Cover it!

### 题目描述 给你一张$n$个点$m$条边的无向连通图（没有边权）。保证图中没有重边和自环 你的任务是选择至多$\lfloor\frac{n}{2}\rfloor$个点使得对于任意一个没有被选择的点都和至少一个选中的点相邻（换言之，通过一条边连接） 保证答案存在，如果有多个答案，输出任意一个 你将要回答多个独立的询问 ### 输入输出格式 第一行包括一个整数$t$（$1\leq t\leq 2\times 10^5$）——询问的数量 接下来是$t$个询问 每个询问的第一行包括两个整数$n$和$m$（$2\leq n\leq 2\times 10^5,n-1\leq m\leq min(2\times 10^5,\frac{n(n-1)}{2}$）——依次表示图中的点数和边数 接下来$m$行每行描述一条边：第$i$条边用一个点对$v_i$和$u_i$表示（$1\leq u_i,v_i\leq n,u_i\neq v_i$），表示点$u_i$和$v_i$通过边连接 在给定的图中不存在自环和重边，也就是说，对于每一个点对$(u_i,v_i)$，在所有其他边中不存在点对$(u_i,v_i)$或$(v_i,u_i)$，并且任意点对$(u_i,v_i)$都满足$u_i\neq v_i$，保证给出的图连通 保证对于所有的询问$\sum m\leq 2\times 10^5$ #### 输出格式 对于每组询问输出两行 第一行输出$k$（$1\leq k\leq \lfloor\frac{n}{2}\rfloor$）——选择的点的数量 第二行以任意顺序输出$k$个不同的整数$c_1,c_2,\dots,c_k$，其中$c_i$是选出的第$i$个点 保证答案存在，如果有多个答案，输出任意一个 ### 说明 在第一个询问中，选择任意一个点或一个点对都足够了 注意你并不需要最小化选择的点的数量 在第二组询问中，选择两个点就足够了（点$2$和$4$），但这样也可以

You are given an undirected unweighted connected graph consisting of $ n $ vertices and $ m $ edges. It is guaranteed that there are no self-loops or multiple edges in the given graph. Your task is to choose at most $ \lfloor\frac{n}{2}\rfloor $ vertices in this graph so each unchosen vertex is adjacent (in other words, connected by an edge) to at least one of chosen vertices. It is guaranteed that the answer exists. If there are multiple answers, you can print any. You will be given multiple independent queries to answer.

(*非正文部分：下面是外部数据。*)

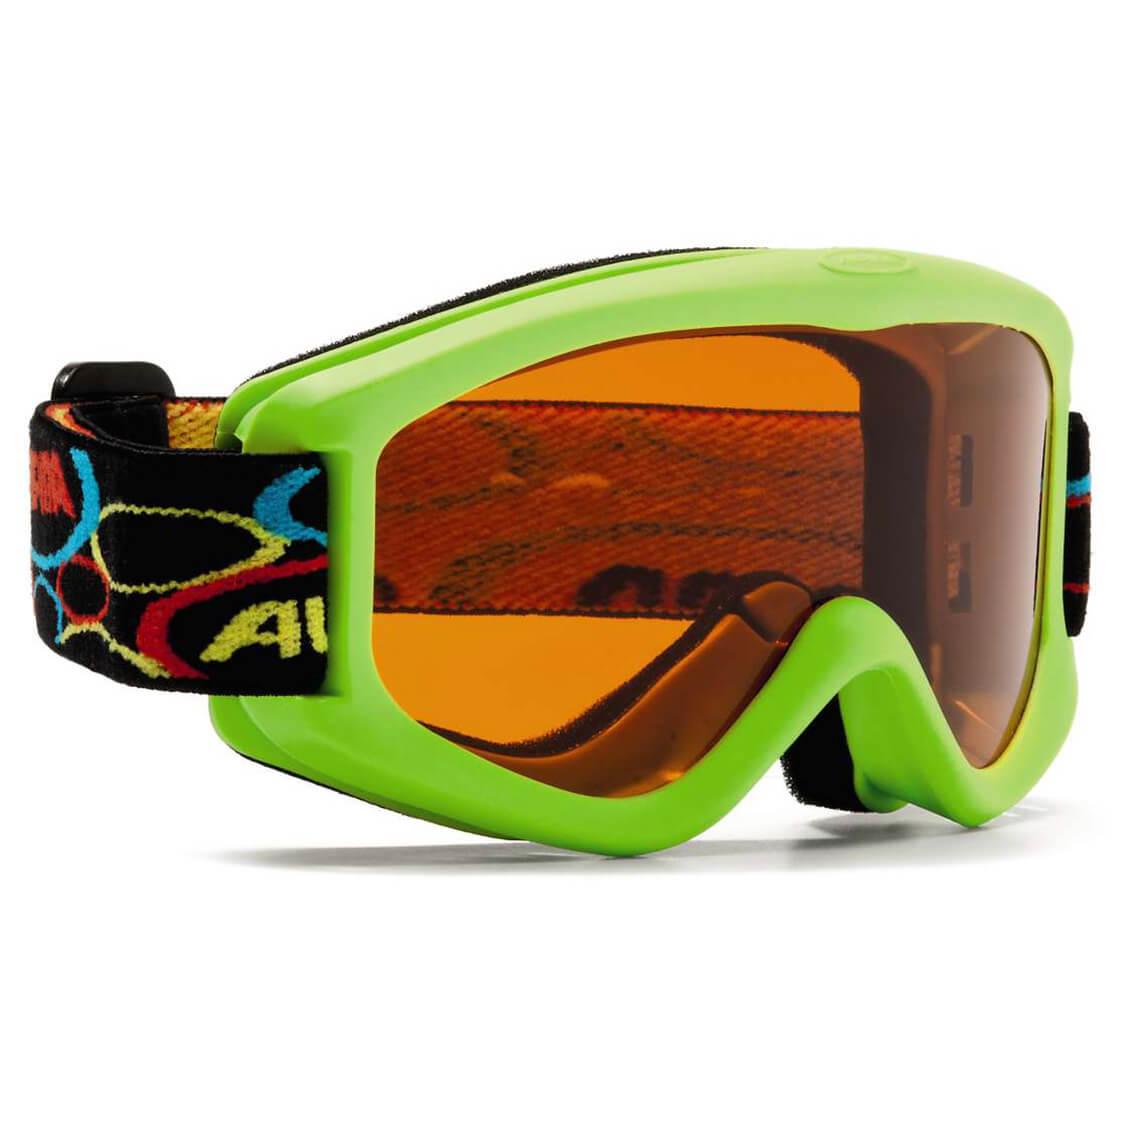 Alpina Carvy Ski Goggles Kids Buy Online Alpinetrekcouk - Alpina goggles

The first line contains a single integer $ t $ ( $ 1 \le t \le 2 \cdot 10^5 $ ) — the number of queries. Then $ t $ queries follow. The first line of each query contains two integers $ n $ and $ m $ ( $ 2 \le n \le 2 \cdot 10^5 $ , $ n - 1 \le m \le min(2 \cdot 10^5, \frac{n(n-1)}{2}) $ ) — the number of vertices and the number of edges, respectively. The following $ m $ lines denote edges: edge $ i $ is represented by a pair of integers $ v_i $ , $ u_i $ ( $ 1 \le v_i, u_i \le n $ , $ u_i \ne v_i $ ), which are the indices of vertices connected by the edge. There are no self-loops or multiple edges in the given graph, i. e. for each pair ( $ v_i, u_i $ ) there are no other pairs ( $ v_i, u_i $ ) or ( $ u_i, v_i $ ) in the list of edges, and for each pair ( $ v_i, u_i $ ) the condition $ v_i \ne u_i $ is satisfied. It is guaranteed that the given graph is connected. It is guaranteed that $ \sum m \le 2 \cdot 10^5 $ over all queries.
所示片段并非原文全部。